The workers described shocking conditions at B&H Photo warehouses. Employees are told to unload or carry extremely heavy loads, without sufficient help or safety training. Pallets are often stacked more than 15 feet high, and workers operating the heavy machinery to unload the pallets are rarely trained. Other workers are forced to carry heavy loads alone and suffer back injuries. Dust is constantly in the air, and the rooms are extremely hot and dirty. “My nose bleeds two or three times a day sometimes,” said B&H worker Silverio Cano. “I went to the doctor, and she told me that the nosebleeds were caused by the dust in the warehouse.”
Workers say they are not permitted to use emergency exits. During a recent fire at the warehouse, “there was a ton of smoke, but we continued working, even when the room filled with smoke,” recalled B&H Photo worker Baltizar Martinez. “When we were finally allowed to leave, we had to go through the metal detectors. This process lasted for a half hour. When we got outside, there were 50 firefighters and a helicopter, and imagine! We had been inside, working, this whole time.” After the fire, nothing changed. “The alarm goes off from time to time, but no one pays it any attention,” said Martinez.
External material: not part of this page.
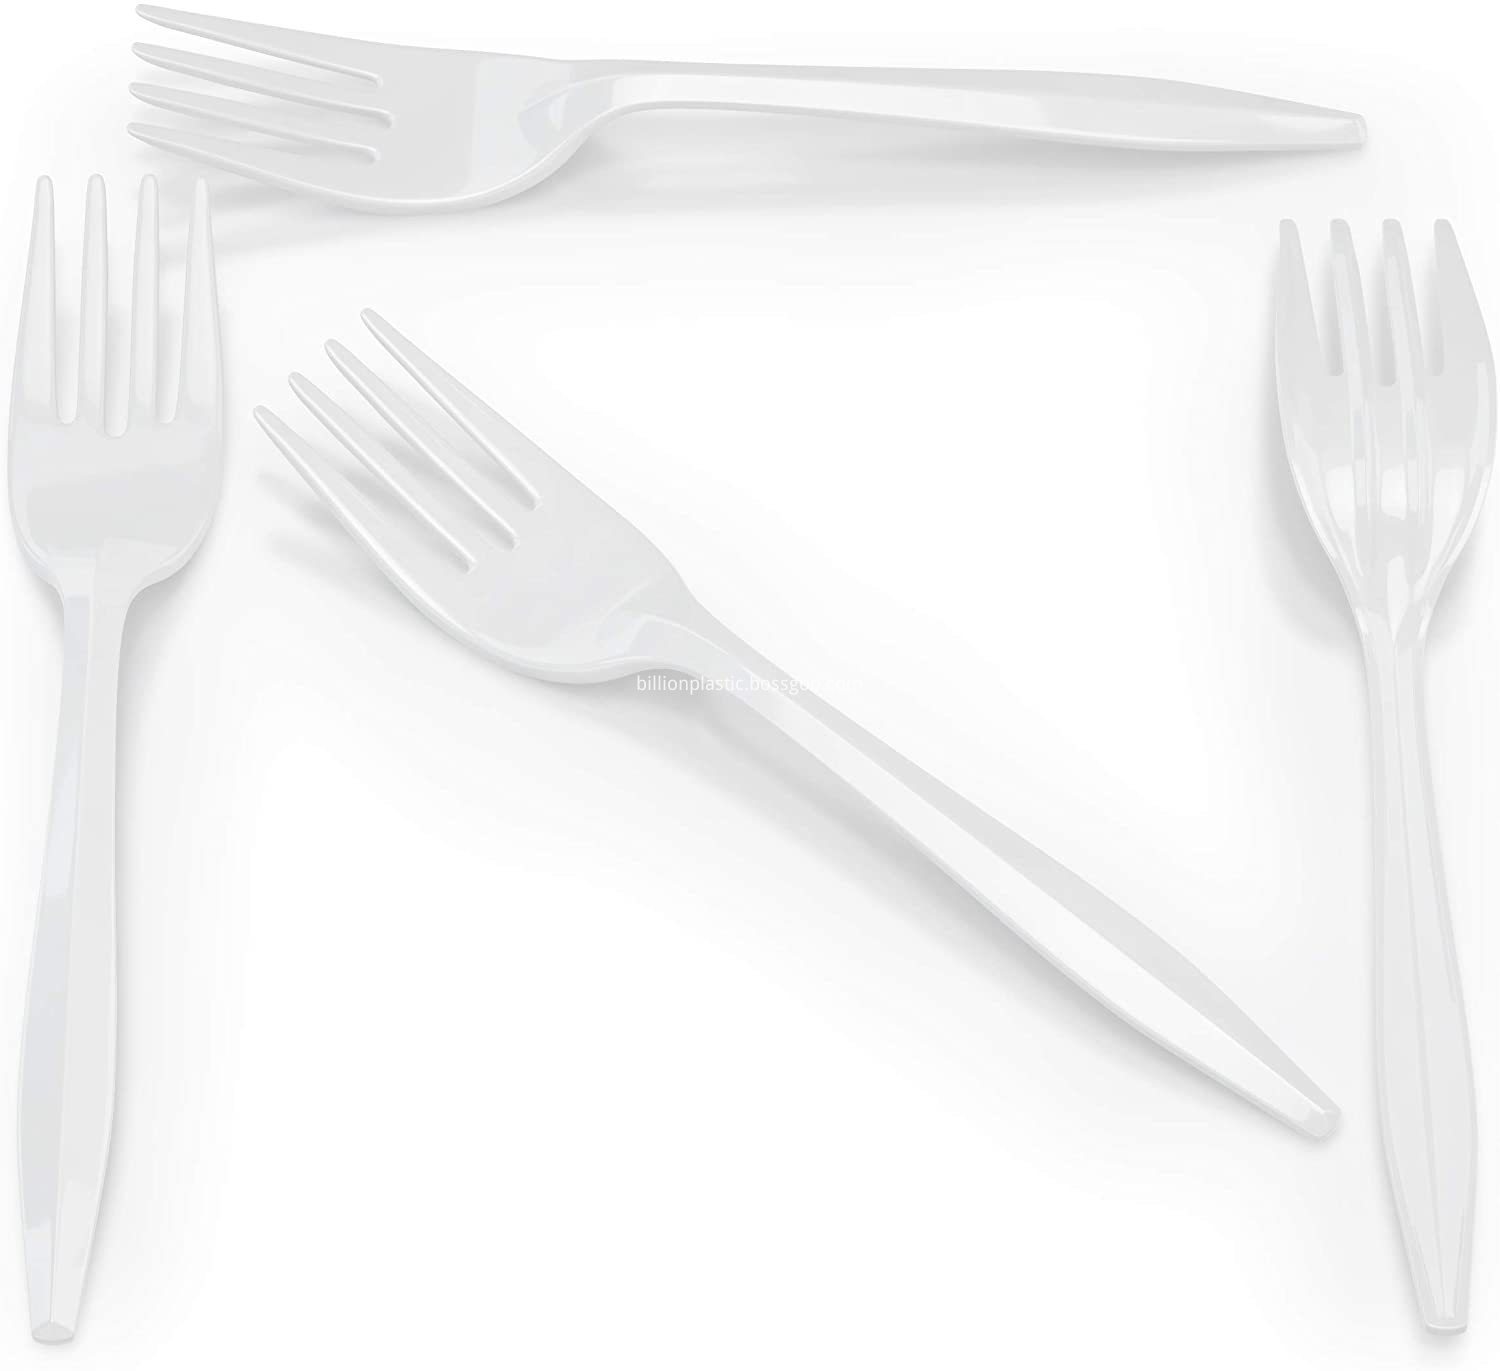 walmart plastic forks

B&H workers detail erratic and oppressive scheduling, working from 7:30am until whenever management says they can leave—often as late as 11pm. Workers say they are not allowed to take the meals and rest breaks required by law, nor use their cell phones to reach their families. On the heels of a number of discrimination settlements at B&H, the campaign alleges significant discrimination against Latino workers, who are verbally abused and paid substantially less than other warehouse employees.
The workers leading the B&H campaign have trained with Laundry Workers Center for over a year, learning about their rights in the workplace as immigrant workers. The Laundry Workers Center is a grassroots group training workers to take action and better their jobs, lives and communities. “There is no justice except the justice you make for yourself,” said Mahoma López, co-executive director of Laundry Workers Center.
Now workers are forming a union with United Steelworkers, and demand that B&H formally recognize their union. “The managers and the owners act as if they have the right to do whatever they want,” said Martinez. “But it shouldn’t be that way. We have rights too.”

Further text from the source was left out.